MADEMOISELLE (Compétition Officielle) (sortie prévue le 5 octobre)
de Park Chan-wook (Kim Min-Hee, Kim Tae-ri, Jung-woo Ha)
Park Chan-wook fut certainement le plus dérangeant et le plus jusqu’au-boutiste des quelques réalisateurs responsables du renouveau du cinéma sud-coréen au début des années 2000.
En 2004, Tarantino (qui, à l’époque, ne s’était pas encore fourvoyé) et son jury cannois lui avait accordé le grand prix pour son imparable « OLD BOY ».
« THIRST, CECI EST MON SANG », son film de vampire intimiste inspiré d’Émile Zola, avait lui récolté le prix du jury en 2009.
Depuis, le natif de Séoul a quelque peu déçu avec « STOCKER », thriller fortement hitchcockien mais tournant à vide.
Cette fois, il revient monter les marches du tapis rouge avec l’adaptation d’un polar britannique de Sarah Waters, écrivaine de grand talent.
Corée. Années 30, pendant la colonisation japonaise. Une jeune femme, Sookee, est engagée comme servante d’une riche nippone, Hideko, qui vit recluse dans un immense manoir sous la coupe d’un oncle tyrannique. Soudain, un escroc – se faisant passer pour un comte – débarque dans l’intention d’épouser Hideko.
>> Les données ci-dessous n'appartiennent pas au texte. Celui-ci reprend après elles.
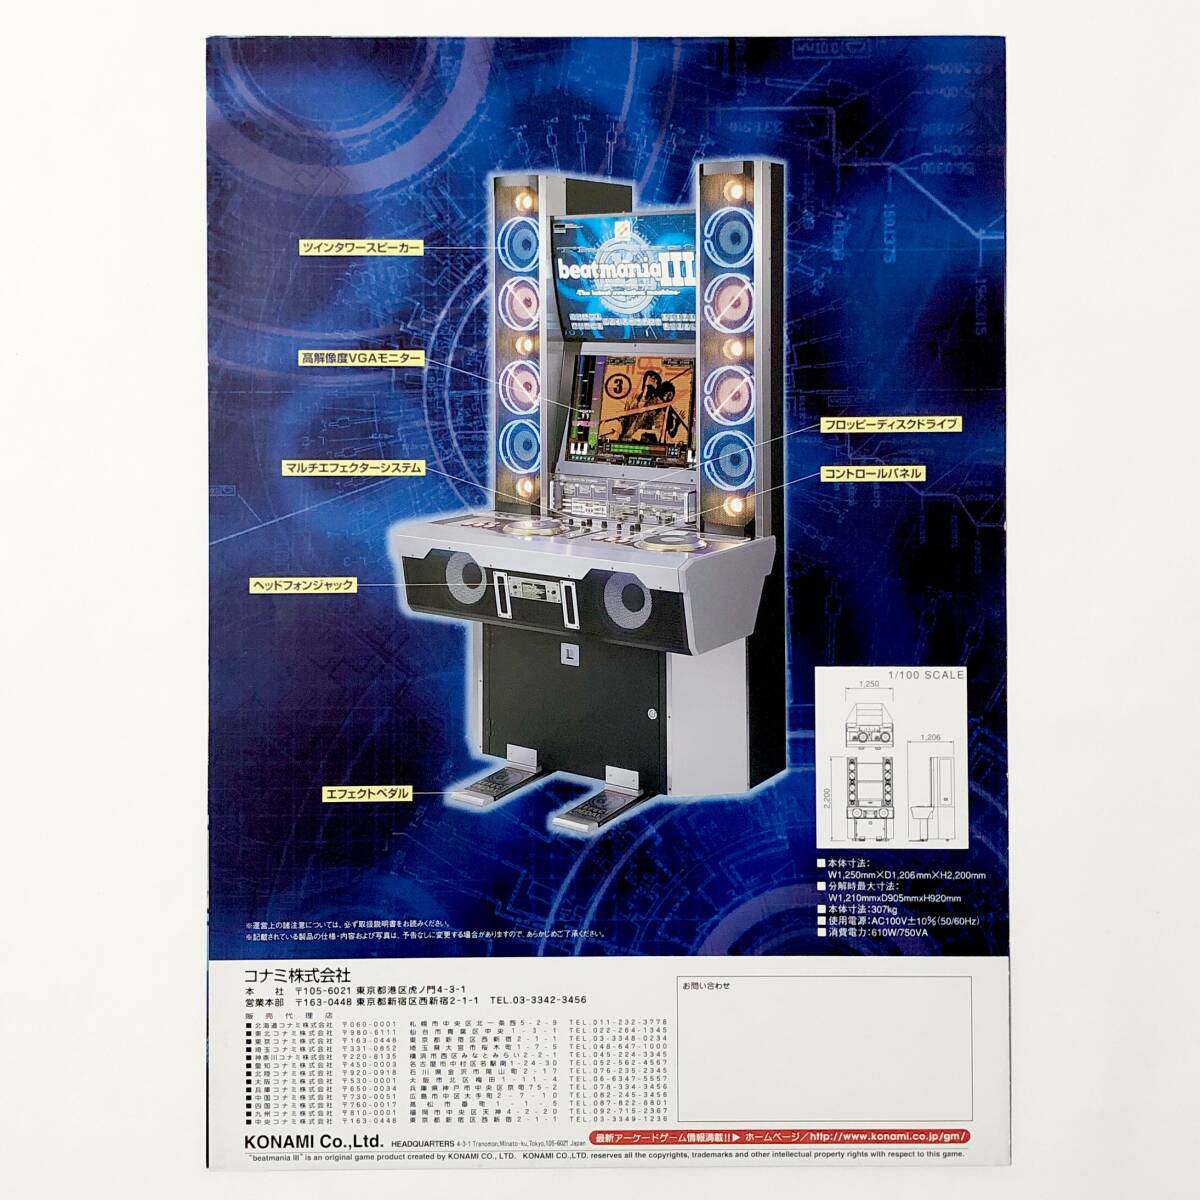 ビートマニア スリー A4サイズ チラシ コナミ ビーマニ アーケード フライヤー 広告 Beatmania Ⅲ Promo Ad Flyer Konami Arcade Game_画像2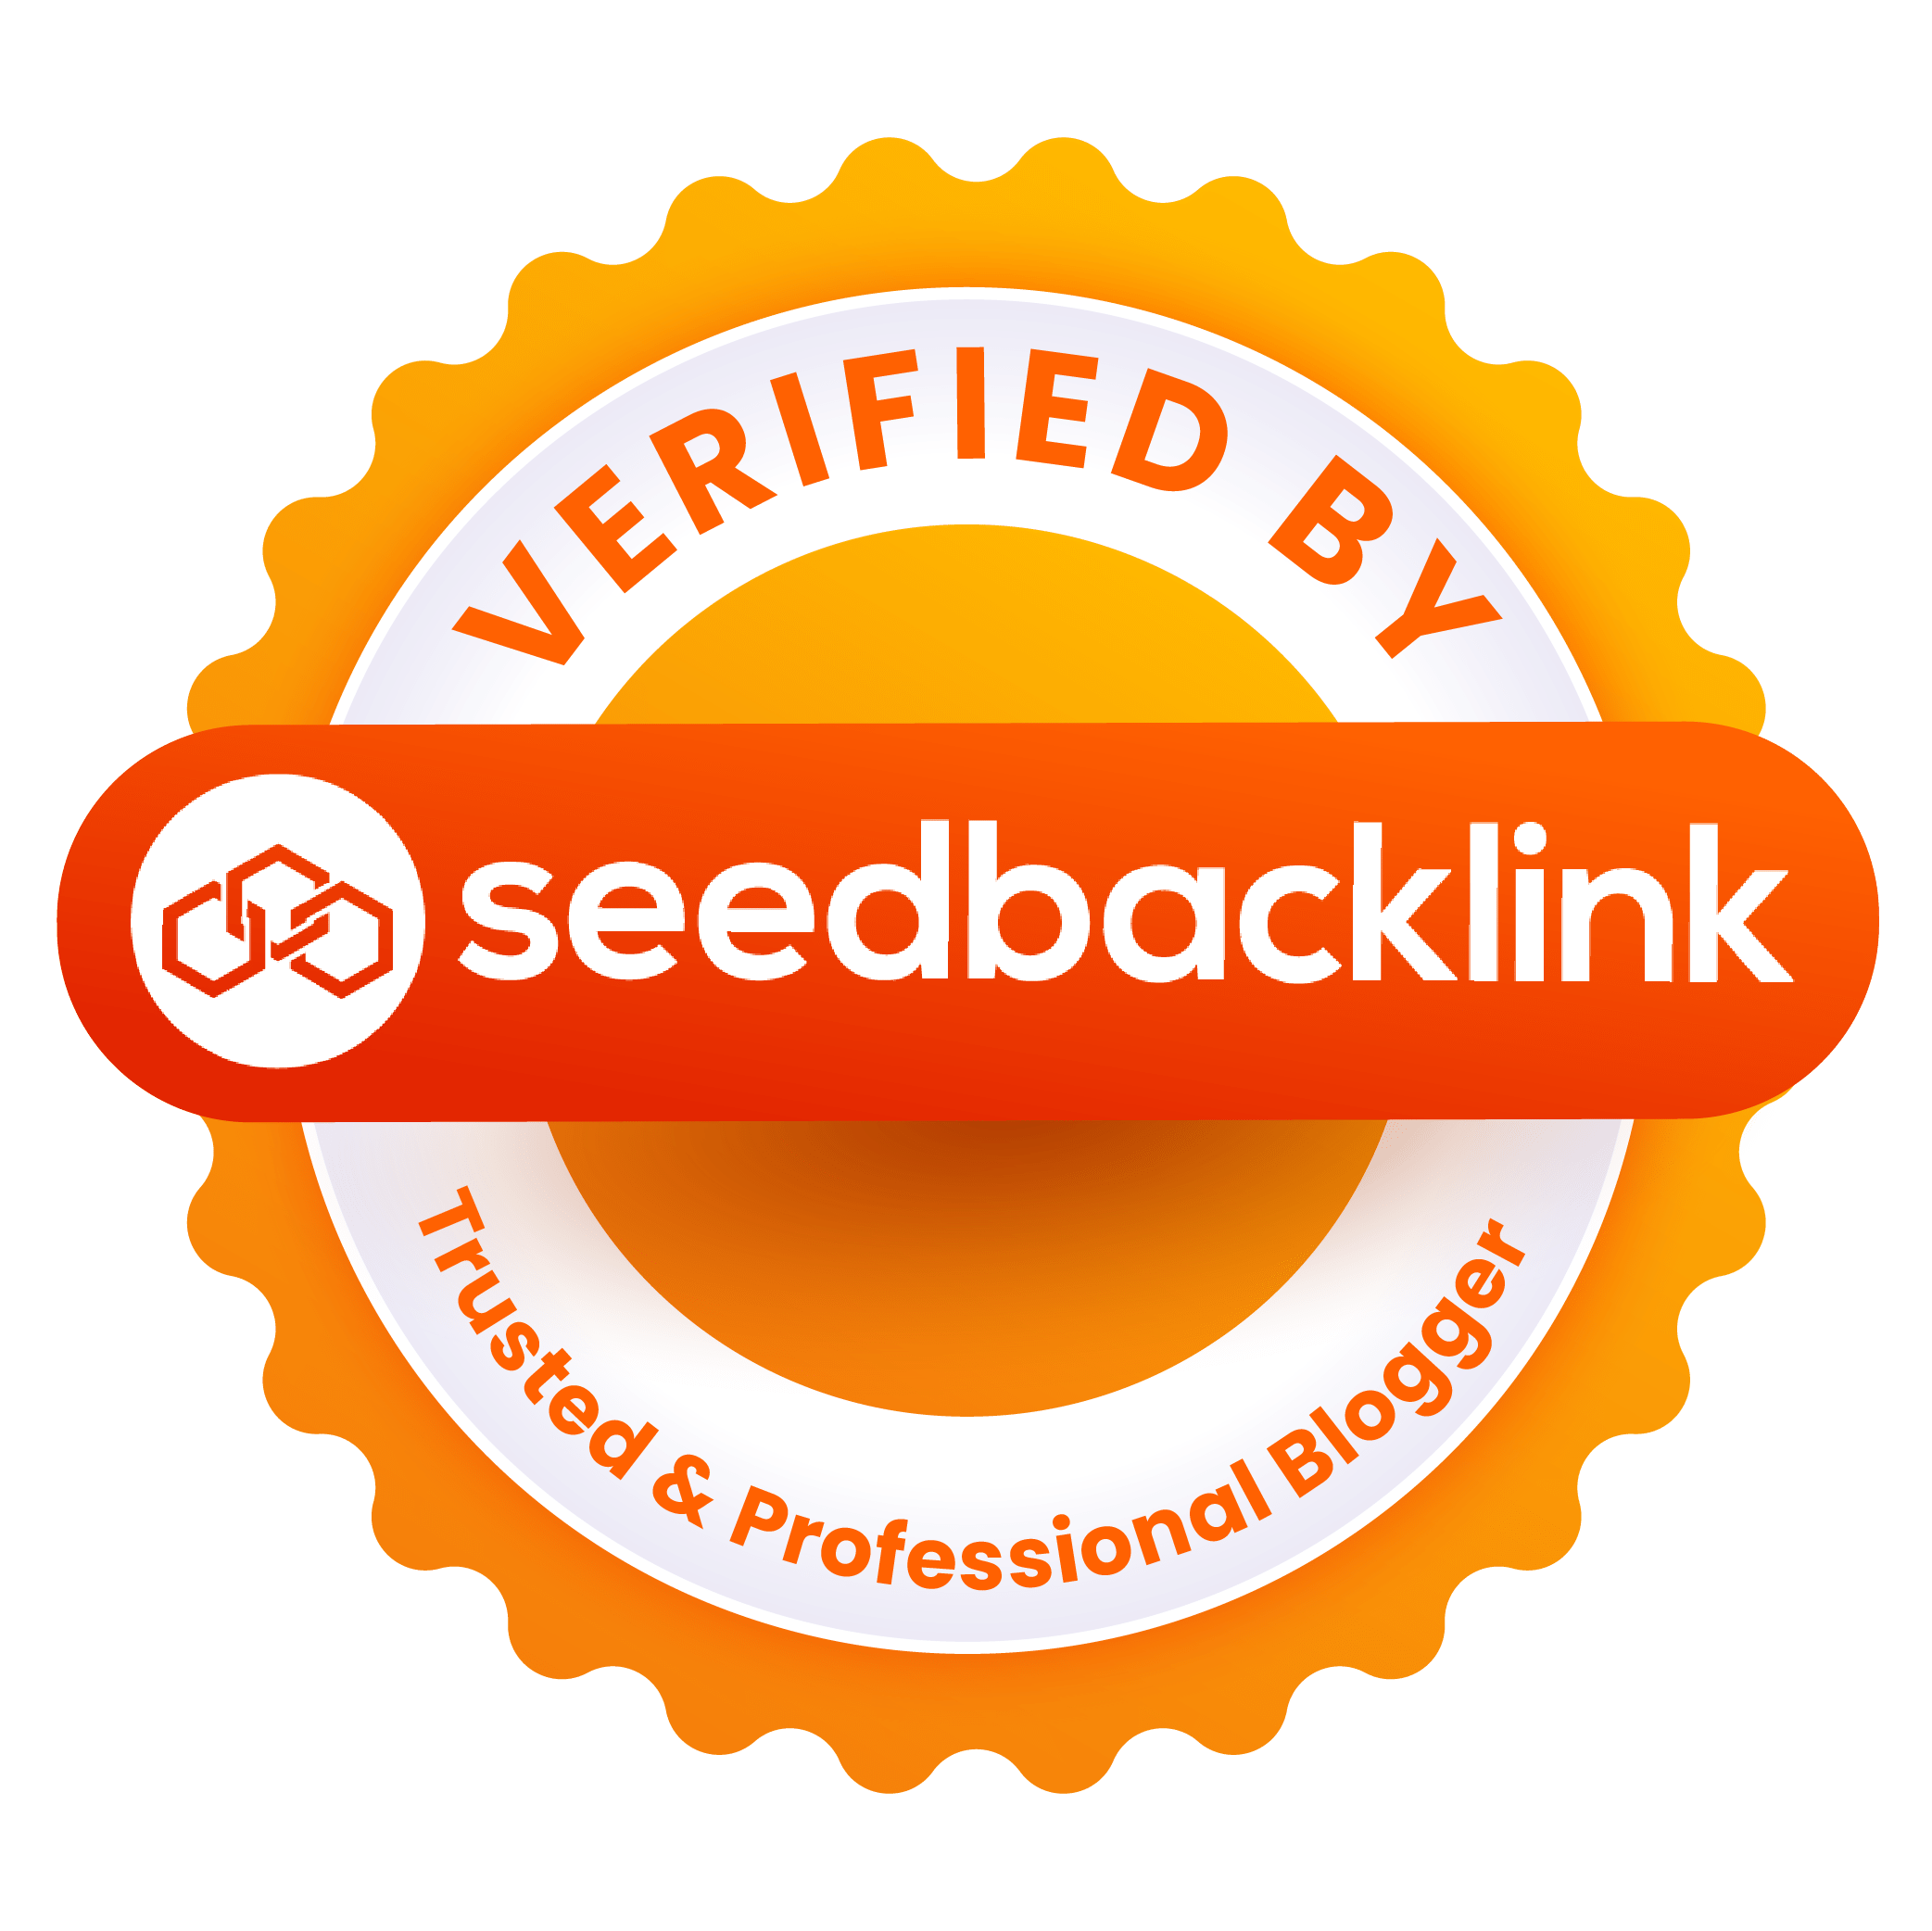 Seedbacklink

Sookee et le faux aristocrate sont en fait de mèche et ont un plan bien précis concernant l’habitante fortunée…
Alliant généralement la violence psychologique et physique, souvent pour le meilleur (« SYMPATHY FOR MR. VENGEANCE »), Chan-wook s’est toujours passionné pour le trouble et comment celui-ci apparaît chez ses personnages, les bons comme les méchants.
Ici, il n’a peut-être jamais poussé cette thématique aussi loin.
Se situant originellement dans l’Angleterre Victorienne, l’action a donc été déplacée au pays du Matin calme de l’Entre-deux-guerres – ce qui fait preuve de cohérence et de pertinence car les moeurs des deux sociétés, à un demi siècle d’écart, sont semblables sur plusieurs aspects (rigidité, hypocrisie des puissants…).
Citant ouvertement les productions fantastiques de la « HAMMER », l’univers d’Edogawa Rampo – auteur fabuleux de bouquins policiers, mélange de Maurice Leblanc et de Conan Doyle -, le pinku eiga (roman porno) et les estampes asiatiques, le responsable de « JE SUIS UN CYBORG » – malgré parfois quelques légères baisses d’intensité – nous offre, ni plus ni moins, qu’une émouvante oeuvre érotique lesbienne – respectant en cela une partie du livre de Waters – mais pas que.
Visuellement superbe et bénéficiant d’un travail incroyable sur les décors, d’une minutie confondante, nous assistons à un jeu de dupes des différents protagonistes – où la véracité des sentiments amoureux (les purs comme les corrompus) mènent le bal – magnifié par un duo d’actrices épatantes (double prix d’interprétation envisageable).
L’ironie est également de mise mais s’avère, cela va de soit, particulière et grinçante.
Les scènes corporelles sont intenses.
Ludique et pénétrant (sans mauvais jeu de mot), « MADEMOISELLE » s’impose.
MOI, DANIEL BLAKE (Compétition Officielle) (sortie indéterminée)
de Ken Loach (Dave Johns, Hayley Squires, Micky McGregor)
Pour la première fois de sa vie, Daniel Blake, un menuisier anglais de 59 ans, est contraint de faire appel à l’aide sociale à la suite de problèmes cardiaques. Mais bien que son médecin lui ait interdit de travailler, il se voit signifier l’obligation d’une recherche d’emploi sous peine de sanction. Sa rencontre avec Rachel, mère célibataire de deux enfants qui a été contrainte d’accepter un logement à plusieurs centaines de km de sa ville natale pour ne pas être placée en foyer d’accueil, va l’encourager dans sa lutte contre l’aberration de l’administration…
Bon, on ne va pas en faire un fromage.
Si le talent de metteur-en-scène de Ken Loach est toujours intact, on ne peut s’empêcher de ressentir une sorte de répétition de la part du maître anglais (comme Woody) dans cette énième charge du système.
N’arrivant pas, présentement, à mélanger humour et drame, il se repose avant tout sur un comédien, Dave Johns, certes très convaincant, mais au parcours balisé et sans surprise.
Pas désagréable mais cela relève de l’anecdote, malgré l’importance et la gravité du sujet.
Ce coup-ci, le vent ne s’est pas levé.